Synopses & Reviews
Synopsis
A brilliant examination of the enigmatic Russian revolutionary about whom Winston Churchill said "few men tried more, gave more, dared more and suffered more for the Russian people," and who remains a legendary and controversial figure in his homeland today. Although now largely forgotten outside Russia, Boris Savinkov was famous and notorious during his lifetime both at home and abroad as a terrorist, a scandalous novelist, a friend of epoch-defining artists like Modigliani and Diego Rivera, a government minister, an advisor to Churchill, and, finally, as Soviet Russia's most prized political prisoner, one who made headlines around the world by claiming that he accepted the Bolshevik state, whereas, in fact, he had staked his life on a secret plan to strike one last blow against the tyrannical regime.

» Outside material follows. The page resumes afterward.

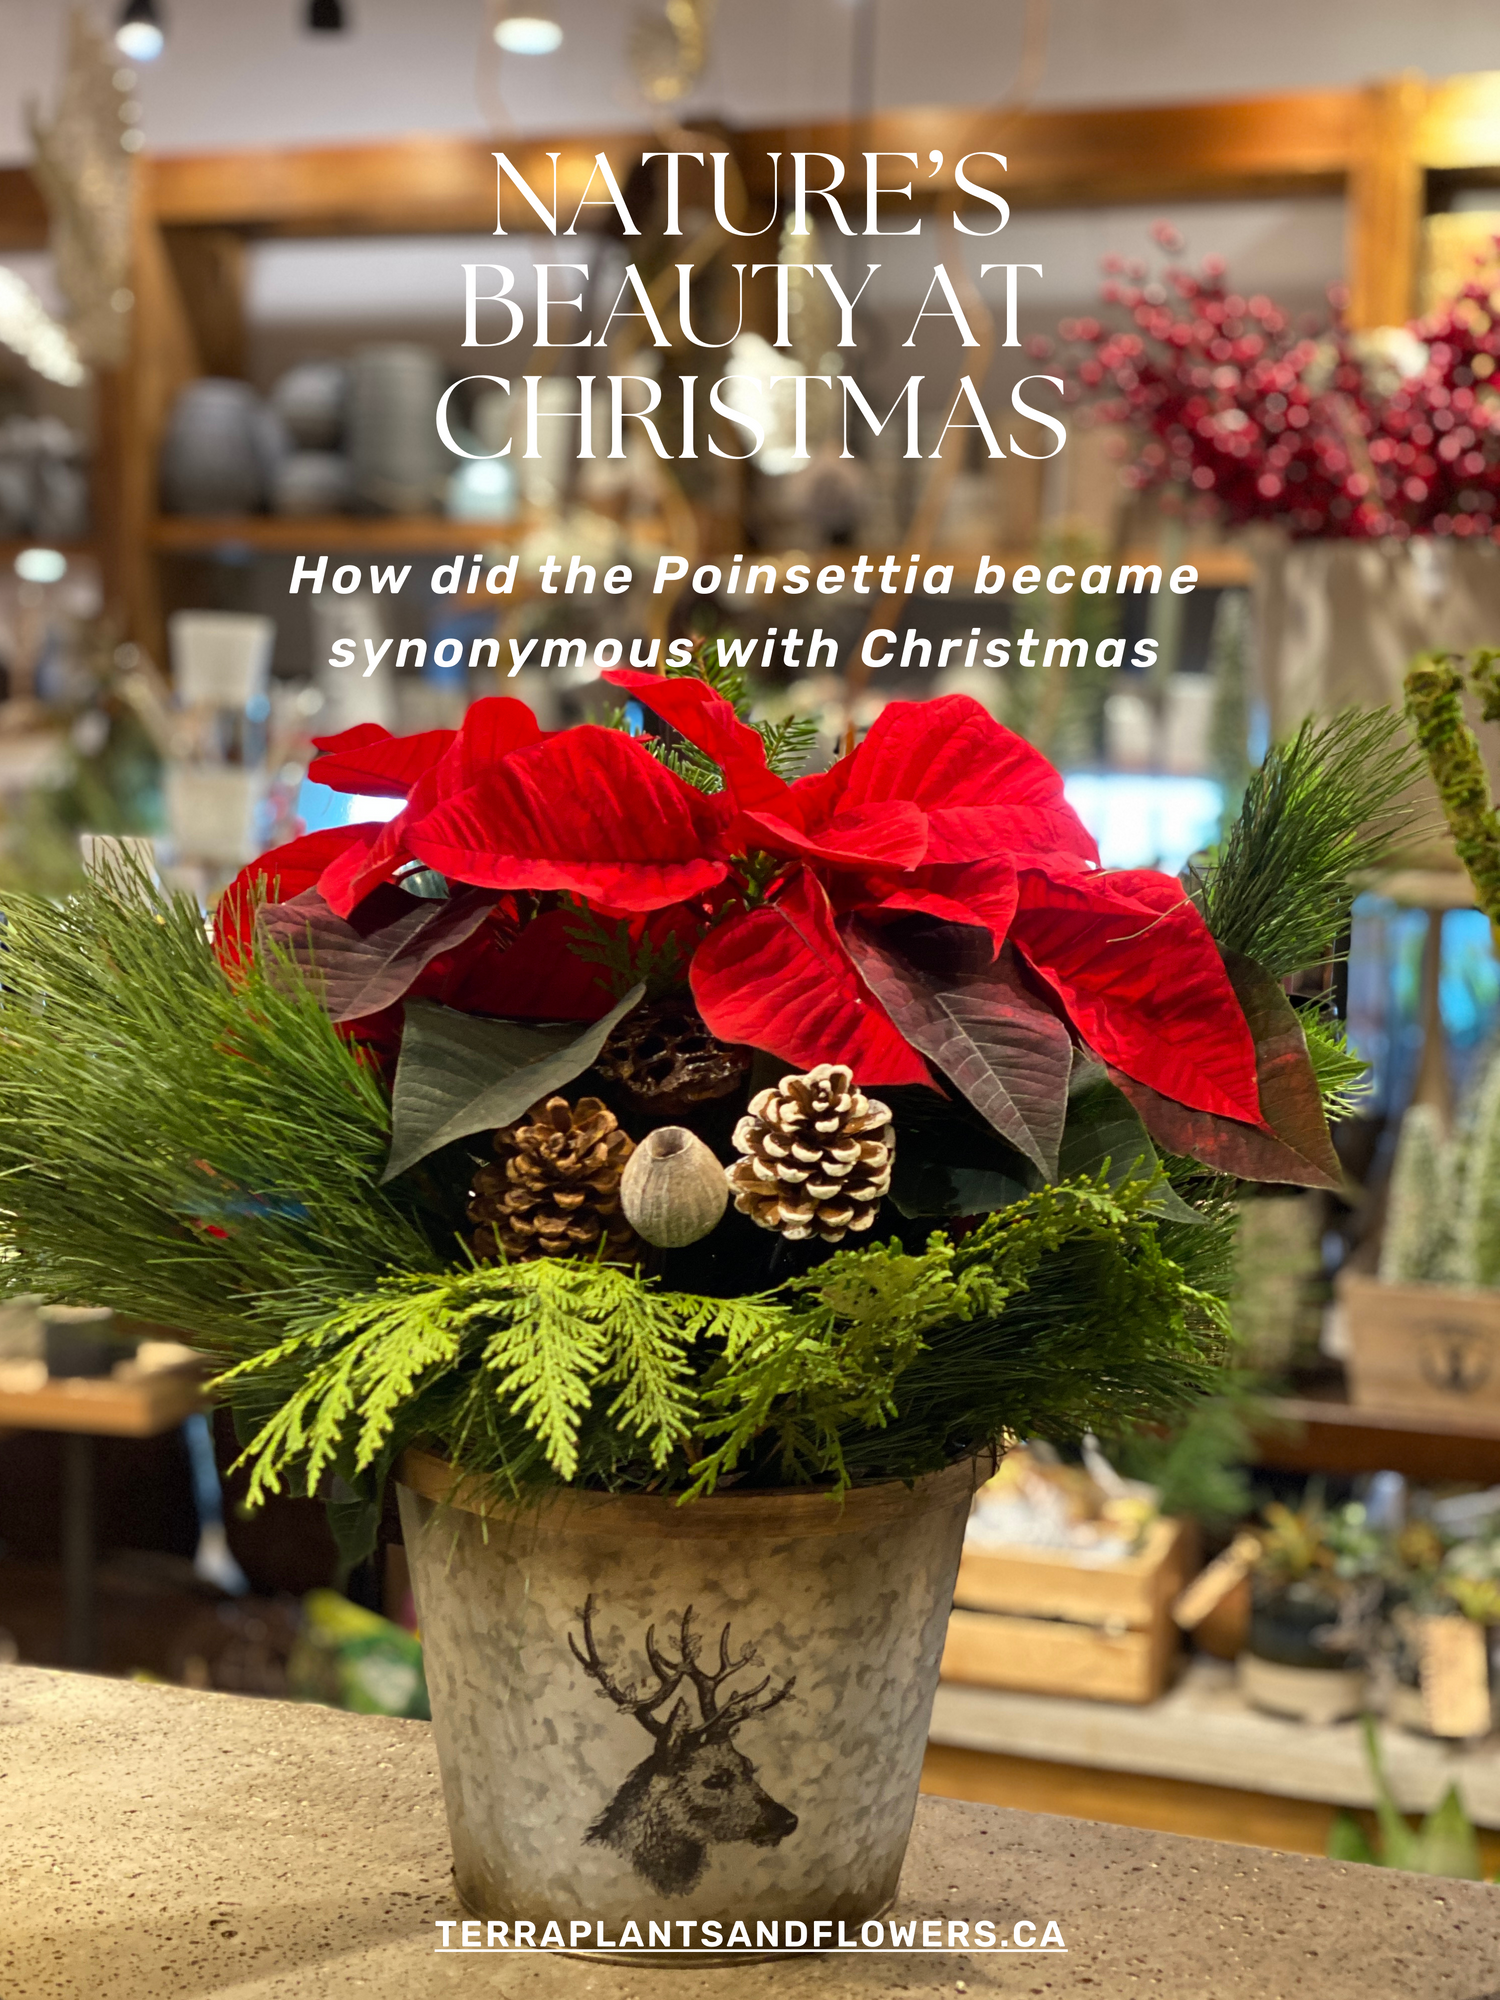 Why the Poinsettia is so well-known as a Christmas flower

Neither a "Red" nor a "White," Savinkov forged his own place in history. His life, which he dedicated to transforming his homeland into a uniquely democratic, humane and enlightened state, challenges many popular myths about the Russian Revolution, and demonstrates that the paths Russia took during the twentieth and twenty-first centuries--the tyranny of communism, the authoritarianism of Putin--were not the only ones written in her historical destiny. Savinkov's goals remain a poignant reminder of how things in Russia could have been, and how, perhaps, they may still become someday.
Written with novelistic verve and filled with the triumphs, disasters, dramatic twists and contradictions that defined Savinkov's life, this book shines a light on an extraordinary man who tried to change Russian and world history.